Starting with the line with "A pair of Tramarossa" in the entries below and going on through the line with "6-Tier Over the", output every line exactly and nothing more. No pictures.

▶ Data to examine
◇ ◇ ◇ ◇ ◇

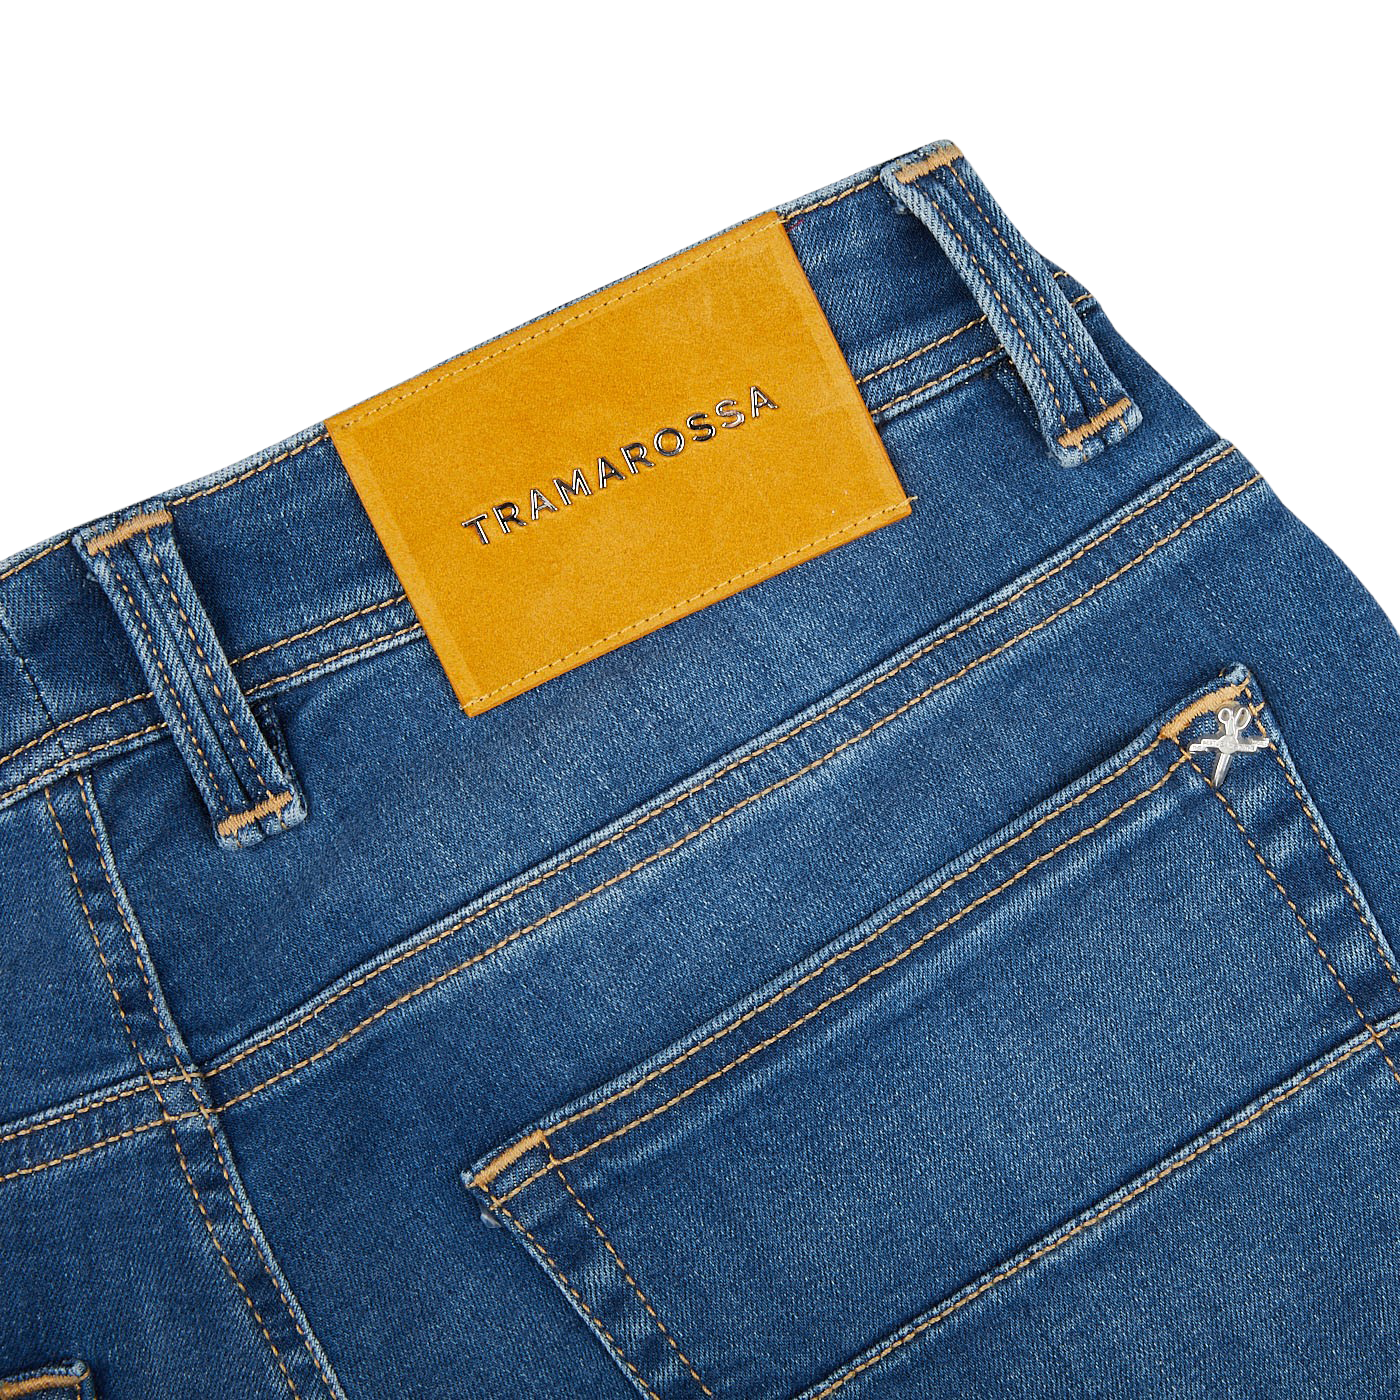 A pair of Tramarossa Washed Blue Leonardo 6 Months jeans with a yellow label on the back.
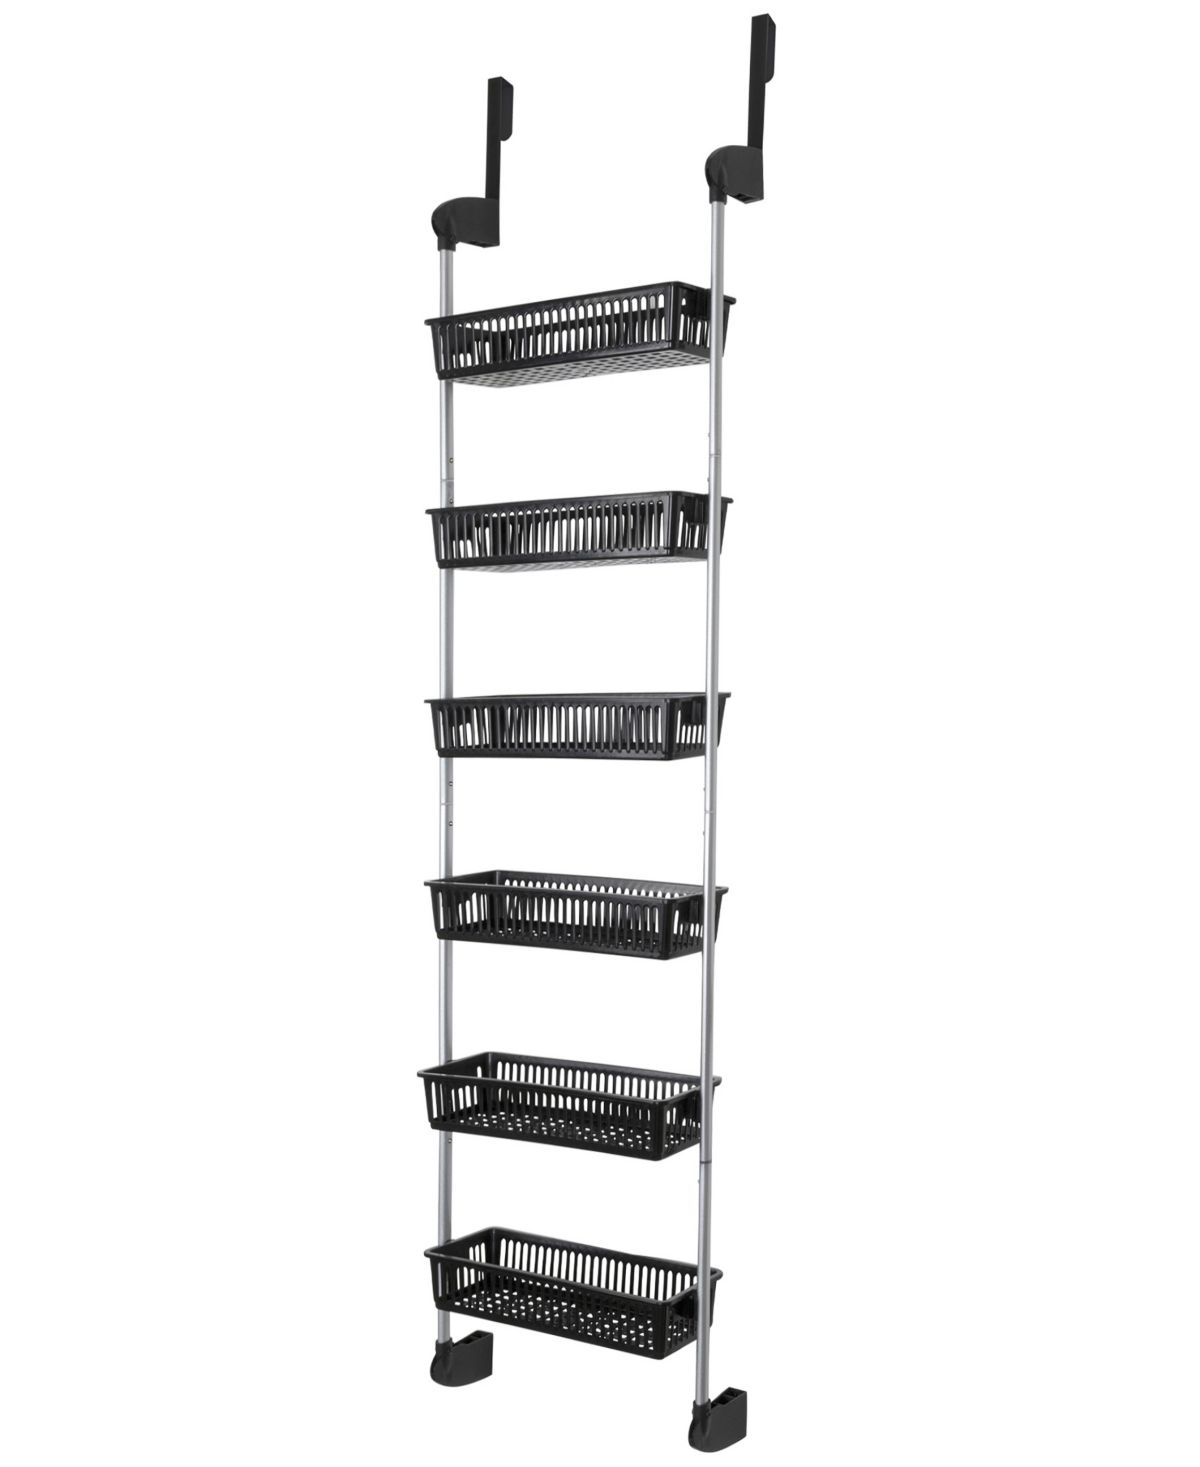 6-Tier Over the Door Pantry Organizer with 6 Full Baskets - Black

◇ ◇ ◇ ◇ ◇

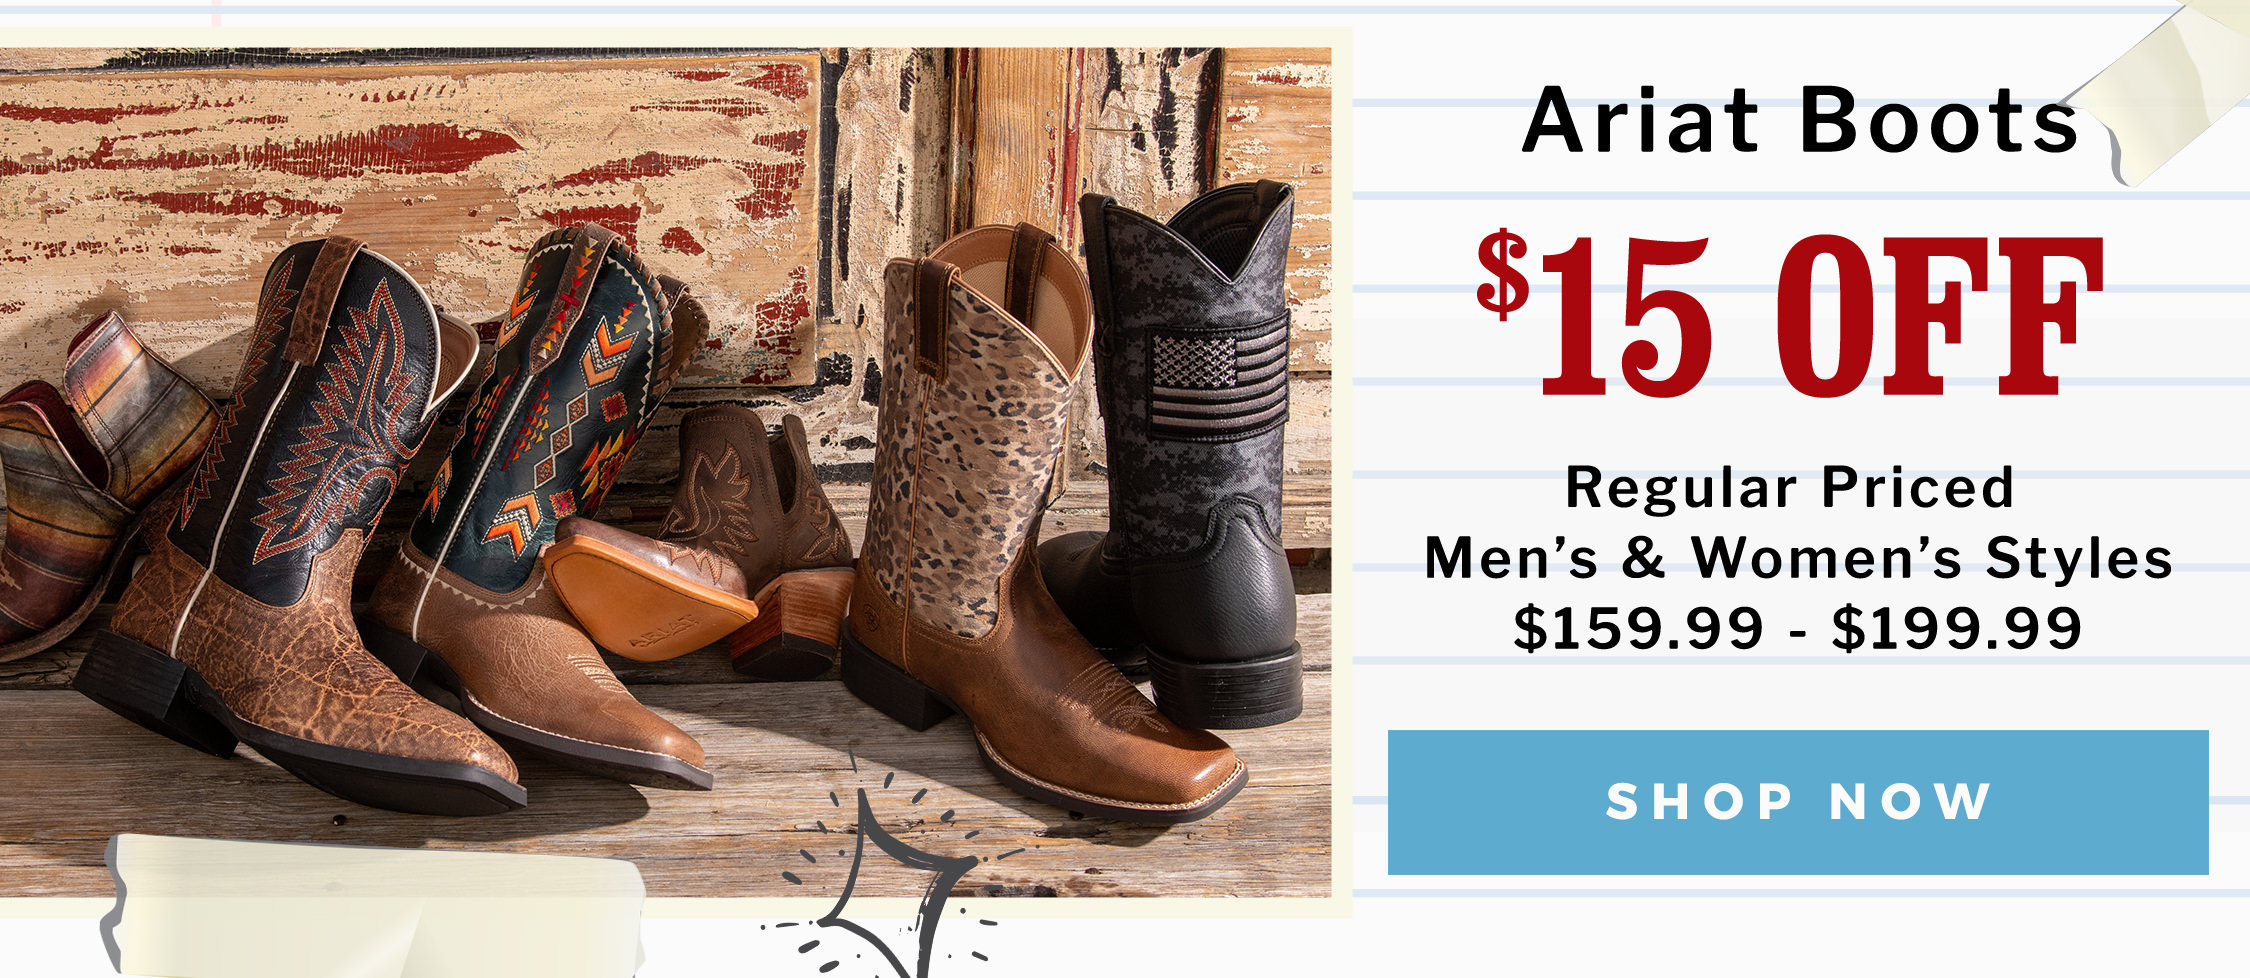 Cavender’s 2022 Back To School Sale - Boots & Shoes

◇ ◇ ◇ ◇ ◇

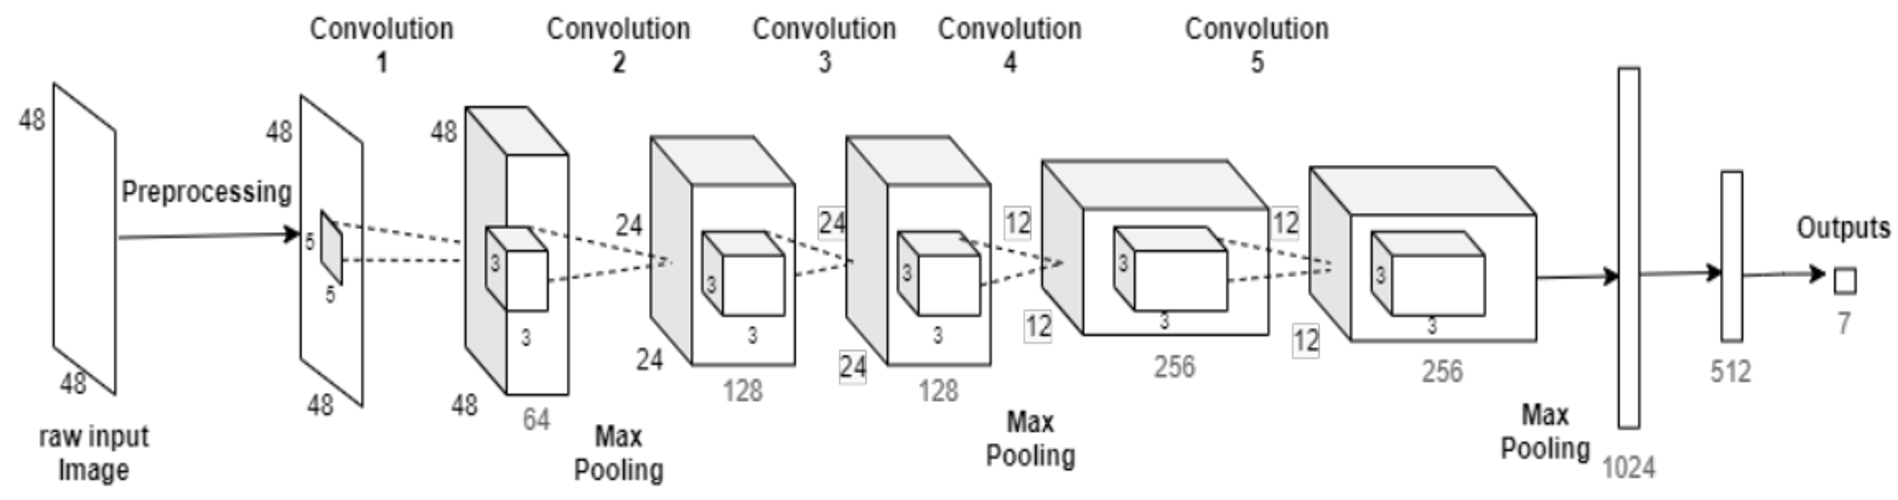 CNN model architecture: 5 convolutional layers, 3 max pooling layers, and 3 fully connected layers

◇ ◇ ◇ ◇ ◇

▶ Output below
 A pair of Tramarossa Washed Blue Leonardo 6 Months jeans with a yellow label on the back.
 6-Tier Over the Door Pantry Organizer with 6 Full Baskets - Black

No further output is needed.